Y añadió: desde que llegamos a este barrio vimos que había necesidad de abordar la juventud porque no sólo son las mujeres que vemos que hay mucho maltrato también, creemos que esta franja es la más frágil en este momento, hay chicos que tienen 19, 20 años sin estudio. ¿Se puede creer que haya chicos que todavía no fueron a la escuela, indocumentados? y en este sector hay”. Por ello resaltó que el trabajo que están llevando a cabo está orientado para “apuntalarlos, para darles un poco de recursos. No sé si vamos a poder sacarlos de esa situación, pero al menos aunque sea con una, dos o tres horas (con actividades que se generan) que podamos liberarlos de eso, o que no delincan”.
SEGUIR SEMBRANDO
En el marco de la articulación, las religiosas habían logrado un trabajo con el SEDRONAR, pero desde hace tres años, “por la situación política económica, no hubo más fi nanciamiento para ellos y no vinieron más”. En tanto se sigue trabajando con la red de los “Hogares de Cristo, que es un abordaje territorial como el SEDRONAR, en adicciones, en consumos problemáticos y ahí empezamos a formarnos, con la gente de la pastoral, las mamás, ningún profesional. Tenemos una hermana que es psicóloga (Mercedes) pero no da para todo”, relató la hermana Leo.
Asimismo, trabajan en articulación con los alumnos de Trabajo Social de la UNLaR con distintas actividades para contener a los jóvenes, y a través de esta carrera “ellos también articulan dentro de la universidad trayendo la carrera de Arte, de Arquitectura y organizamos actividades”.
En este momento una de las metas prioritarias es poder contar con un espacio físico “donde podamos ofrecer no sólo esa hora de la clase con algún profe, sino más cosas, talleres en oficios”. En ese marco consiguieren la donación de un terreno y realizaron gestiones con el municipio capitalino y Vivienda de la Provincia, de quienes consiguieron el compromiso para poder empezar la construcción, para lo cual la congregación también contribuirá con recursos económicos, “como estamos en distintos lados del mundo, tenemos un fondo de solidaridad, con lo que nos ayudaron con dinero”, señaló la hermana “Leo”.

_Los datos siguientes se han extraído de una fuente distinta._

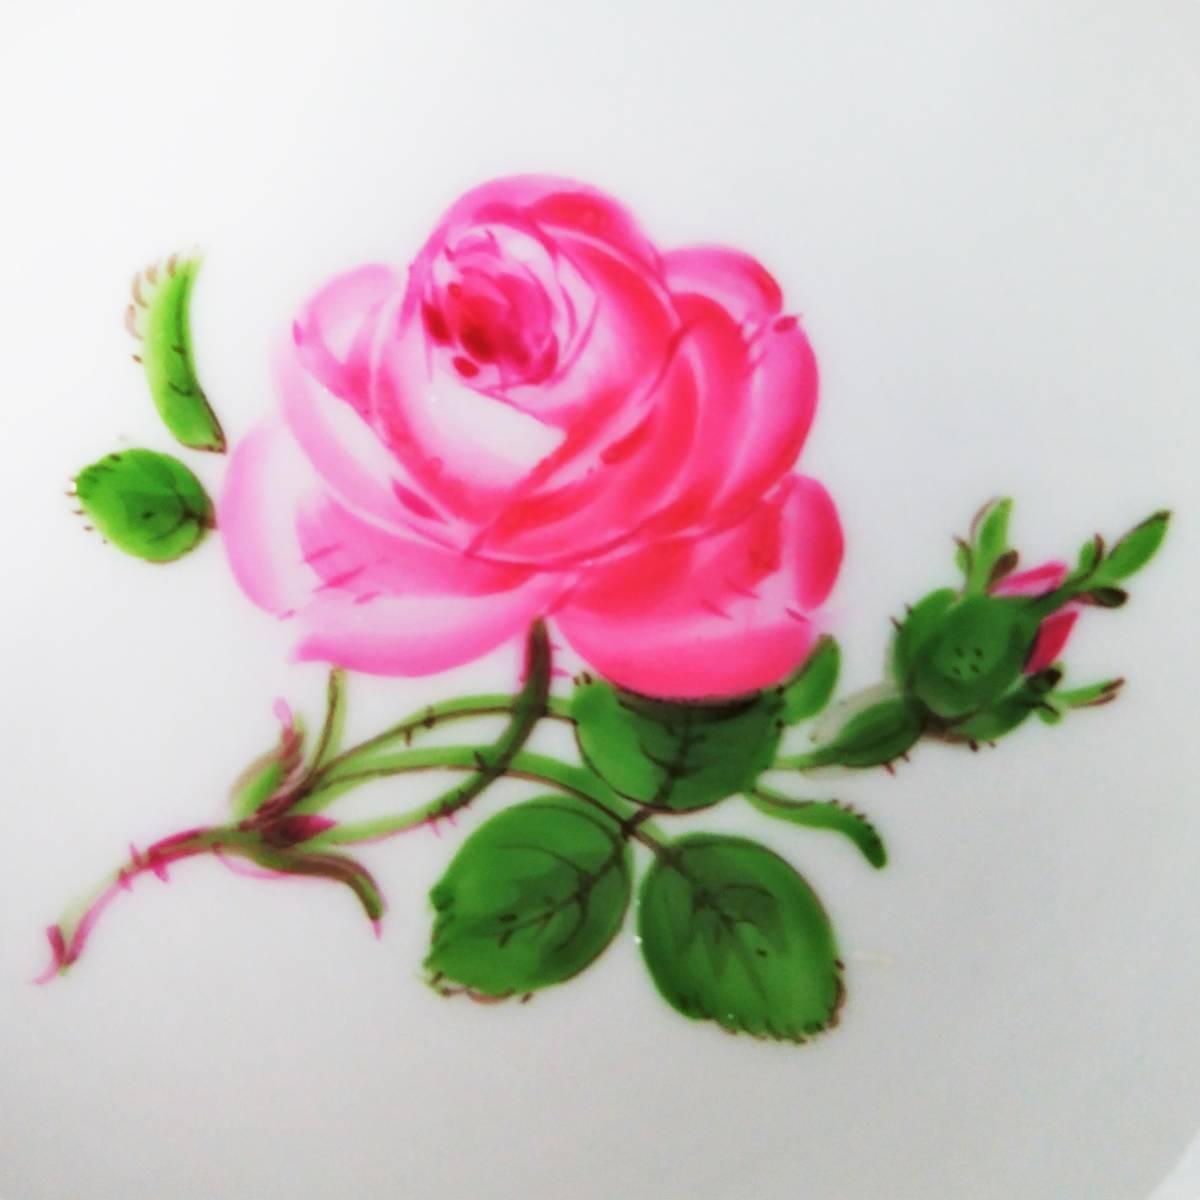 稀少◆Meissen マイセン ピンクローズ 皿 ミニプレート 8cm 2枚セット 119◆ピンクのバラ 薔薇 金彩 小皿 飾皿 デザートプレート ドイツ_画像5

“Estamos rezando para que comience la construcción, el terreno ya está. Esto nos posibilitará hacer algo por estos chicos, que como ellos mismos se dicen están `limados´ por la adicción.
Algunos buscan ayuda, otros no. Nosotras no les hablamos directamente desde dejar el consumo, sino de mostrarle desde otro lado, mostrarles confi anza, que cuentan con otro que te puede dar una mano”, indicó la religiosa. “Hacerlos sentir queridos, escuchados”, concluyó la hermana Mela.